- Task objective -
Images aside, the whole listing should be written out word for word.

- Given material -
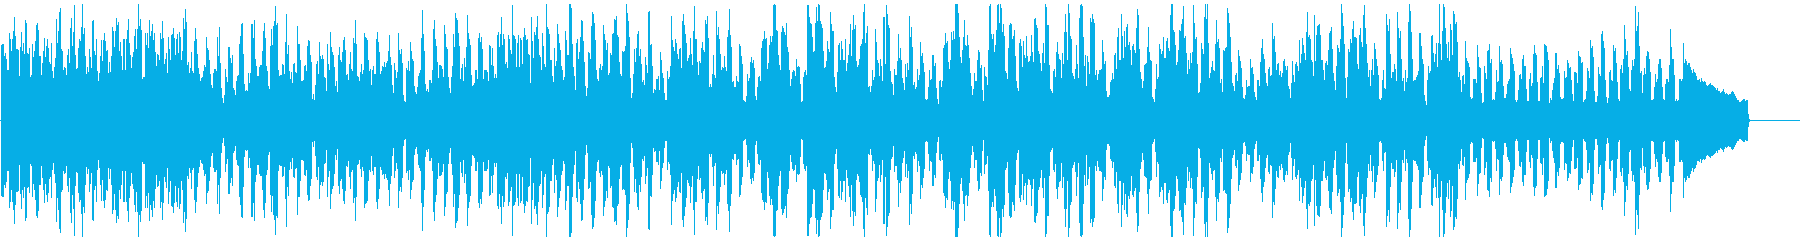 真夜中のカウボーイのようなミステリアス曲の再生済みの波形
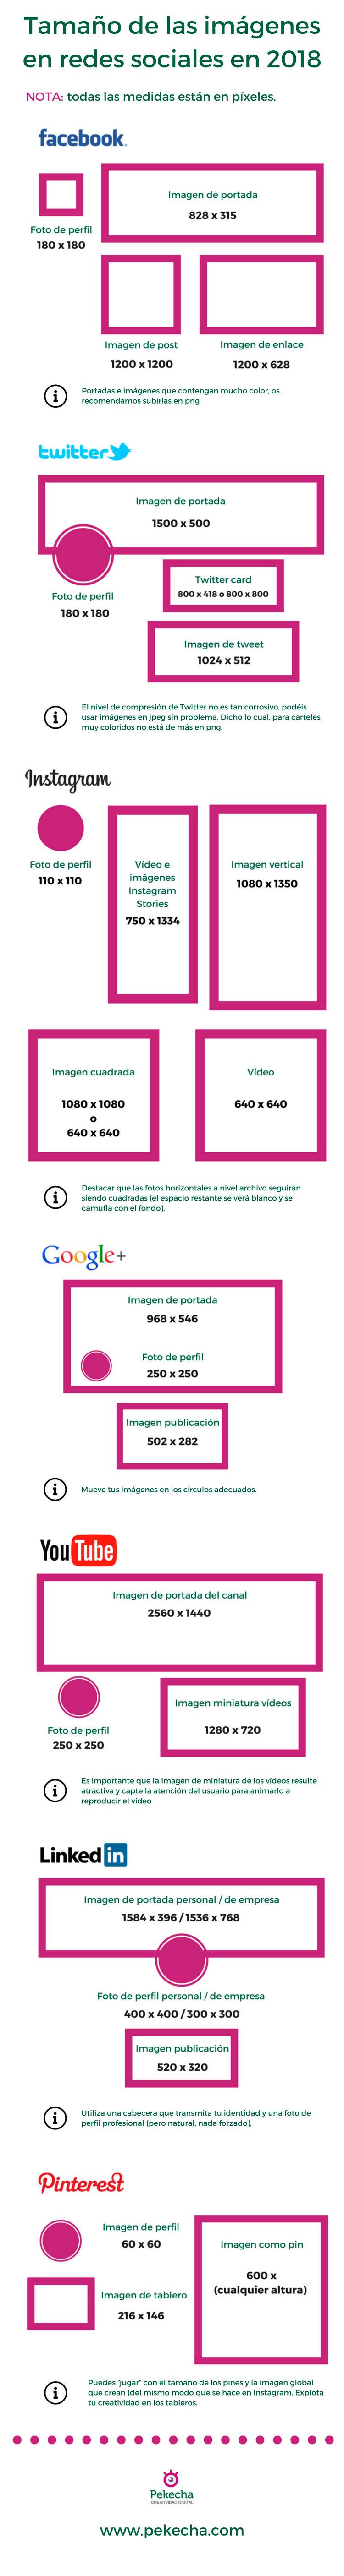 Infografía con el tamaño de las imágenes en redes sociales
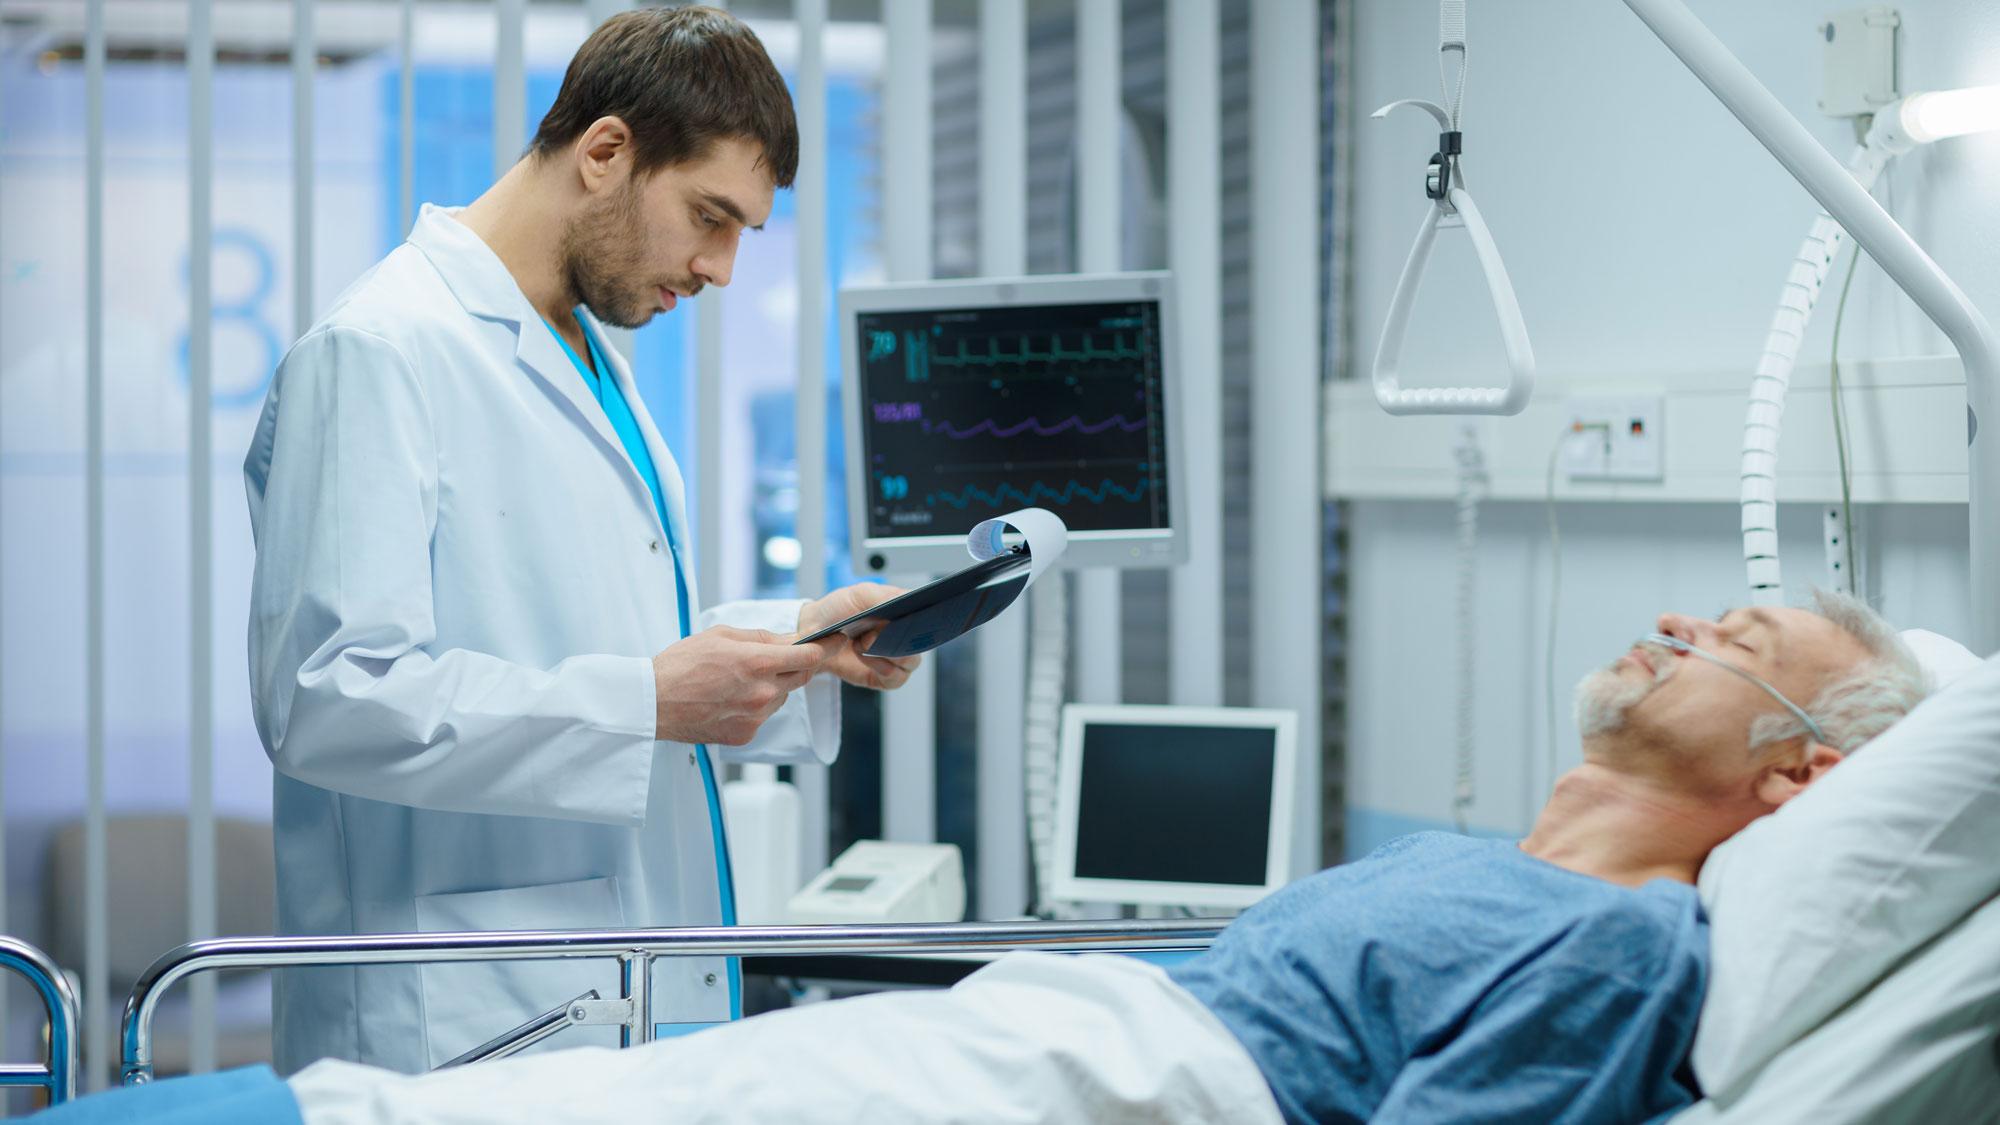 Lege står foran eldre mann på hospitalet og observerer. Foto

- Answer space -
 真夜中のカウボーイのようなミステリアス曲の再生済みの波形
 Infografía con el tamaño de las imágenes en redes sociales
 Lege står foran eldre mann på hospitalet og observerer. Foto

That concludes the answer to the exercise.